What to work on » Restate the data word for word and leave the images out.

Available data »

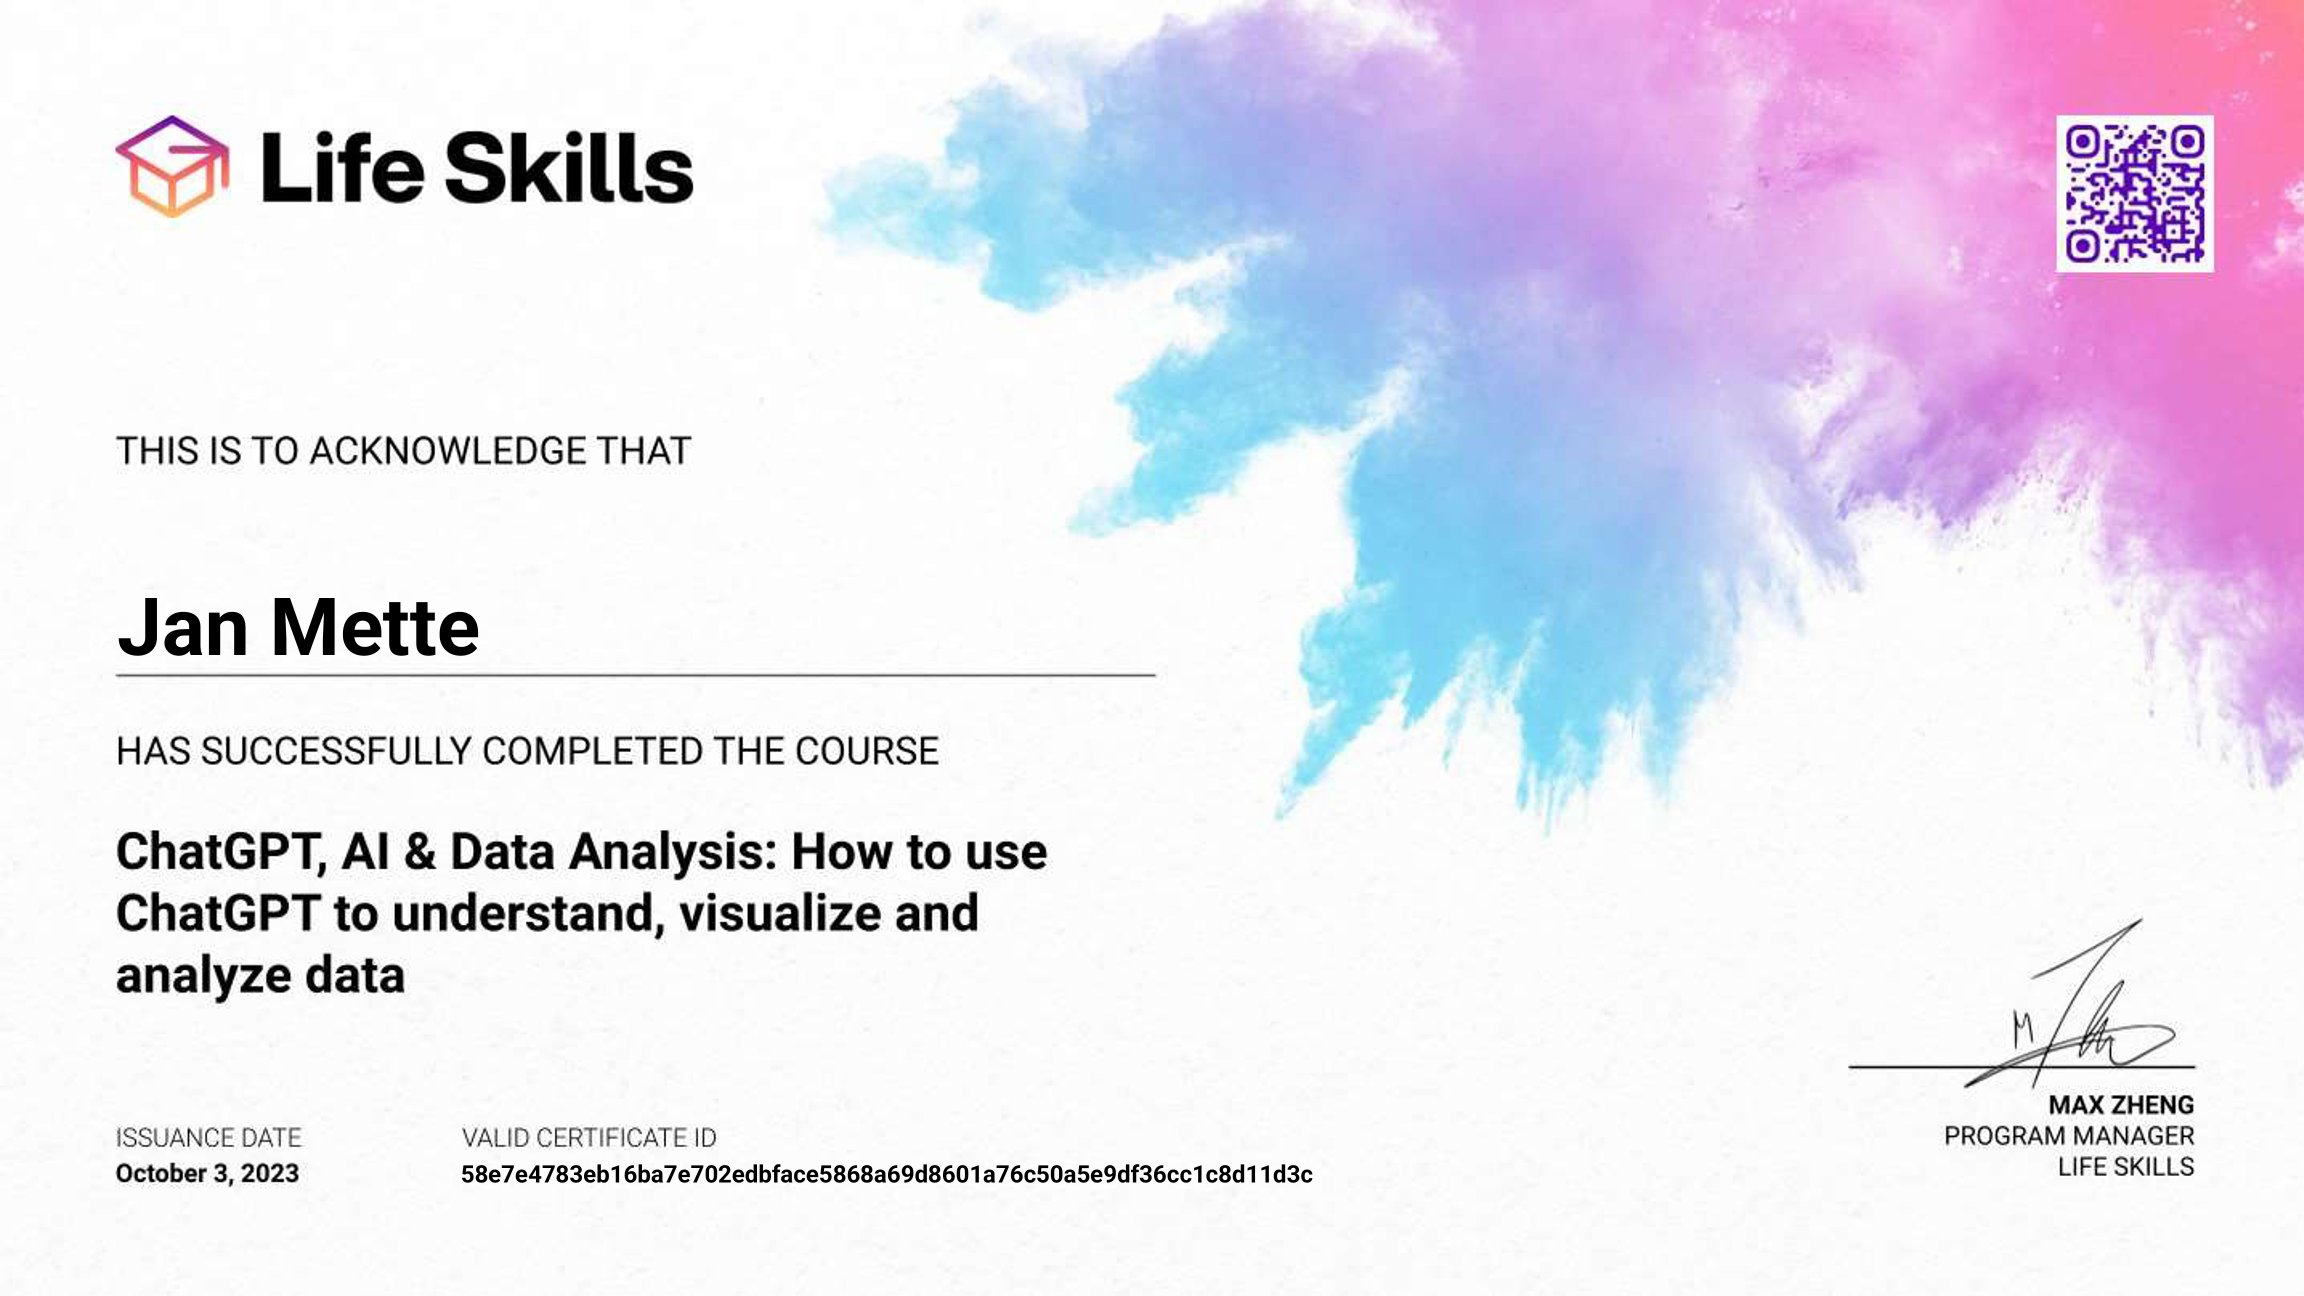 Life Skills - ChatGPT, AI & Data Analysis How to use ChatGPT to understand, visualize and analyze data - Jan Mette - Certificate
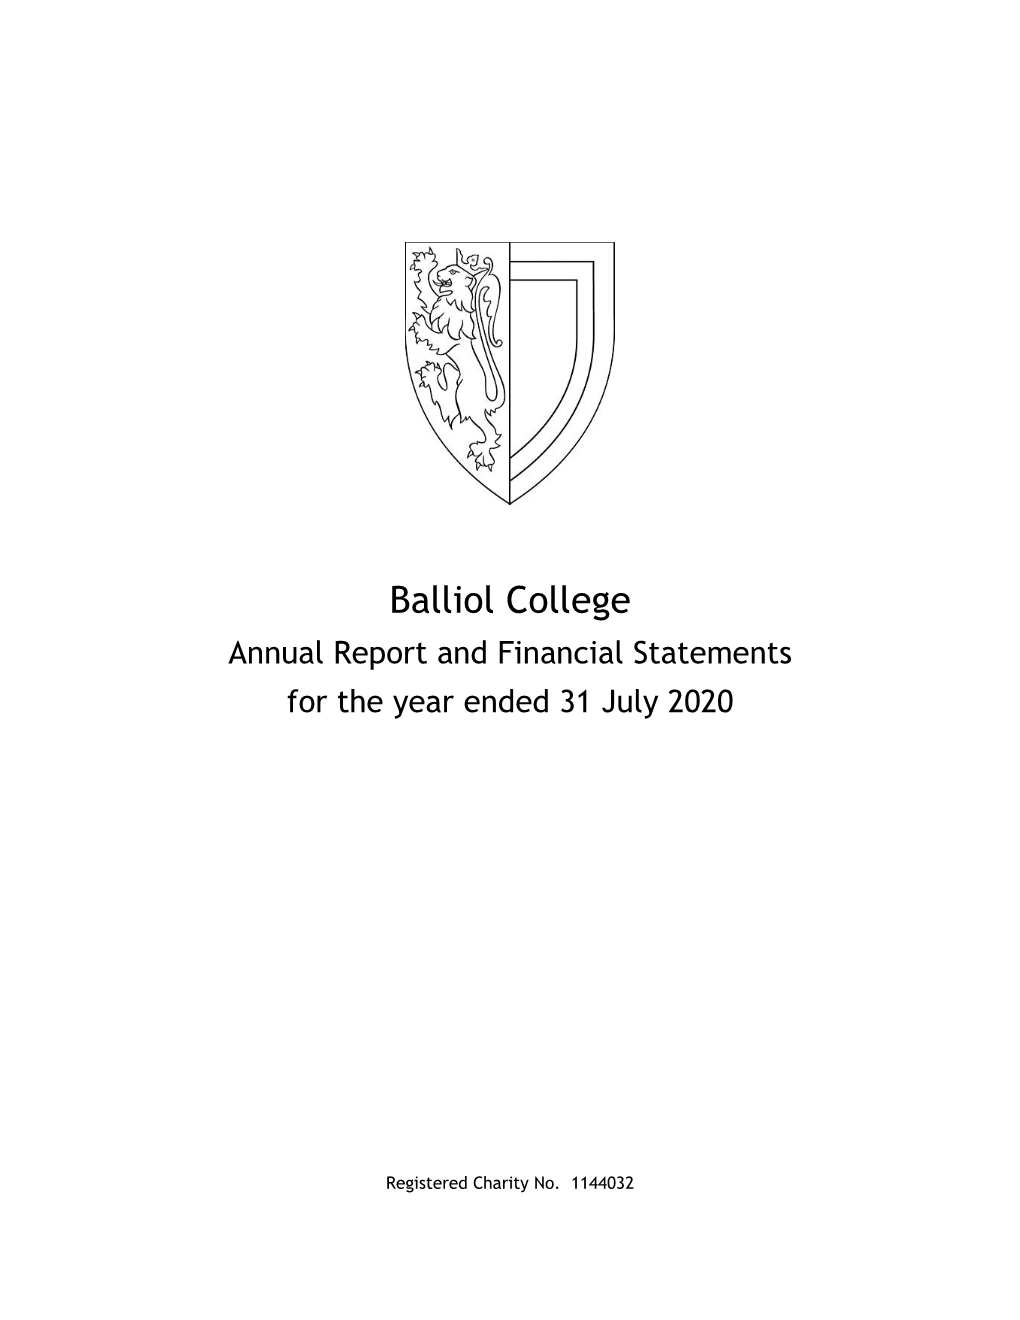 Balliol College Annual Report and Financial Statements for the Year Ended 31 July 2020
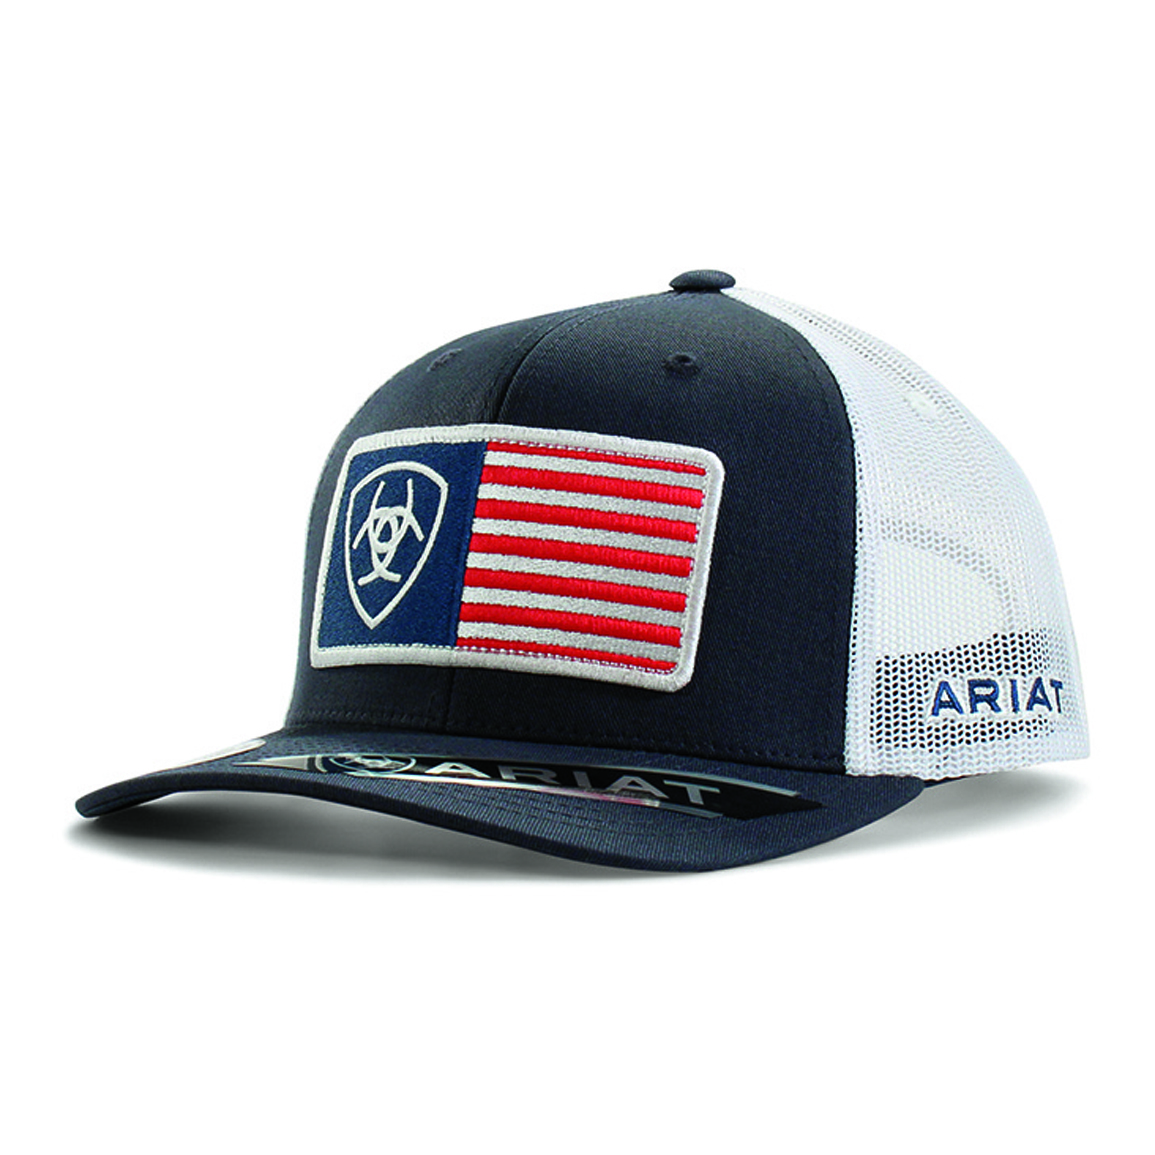 Ariat Mens Flag Patch Unstructured Baseball Cap, Navy
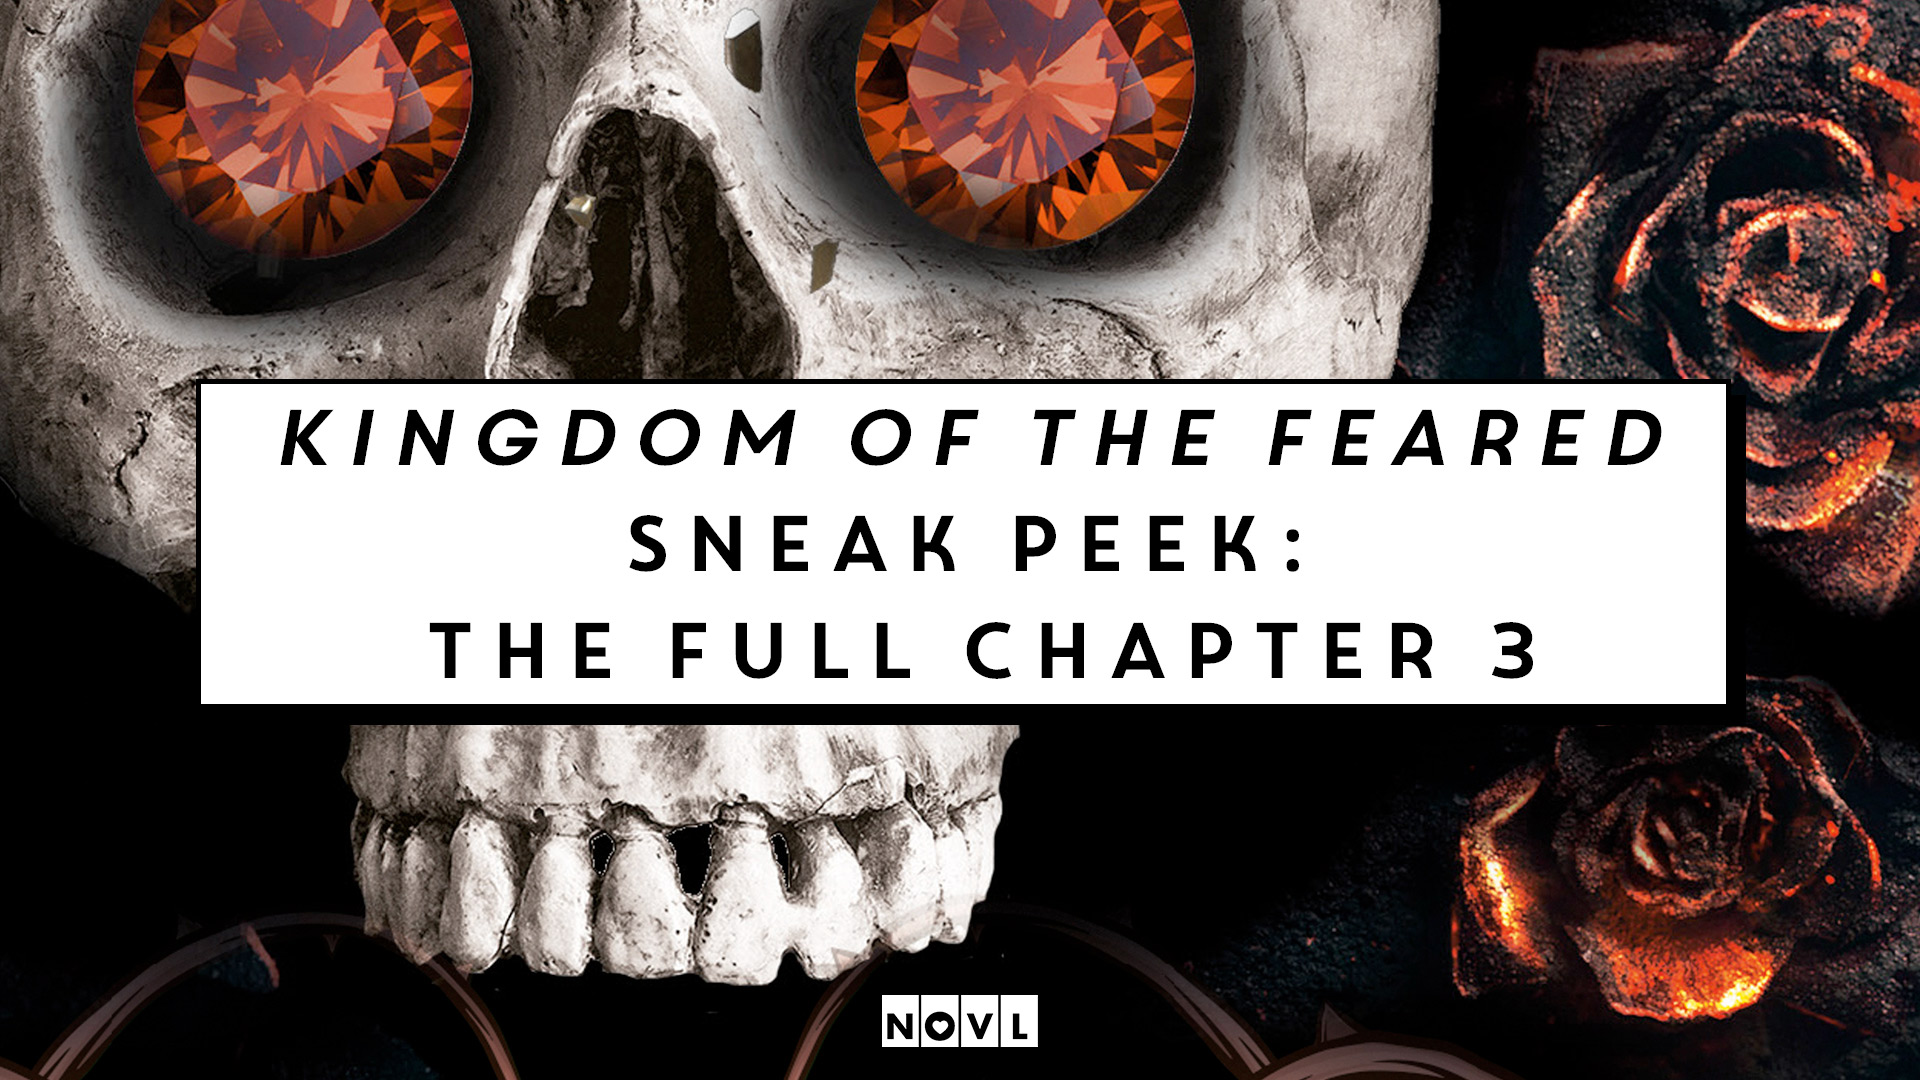 The NOVL Blog, Featured Image for Article: Kingdom of the Feared Sneak Peek: The Full Chapter 3

Written reply »
 Life Skills - ChatGPT, AI & Data Analysis How to use ChatGPT to understand, visualize and analyze data - Jan Mette - Certificate
 Balliol College Annual Report and Financial Statements for the Year Ended 31 July 2020
 Ariat Mens Flag Patch Unstructured Baseball Cap, Navy
 The NOVL Blog, Featured Image for Article: Kingdom of the Feared Sneak Peek: The Full Chapter 3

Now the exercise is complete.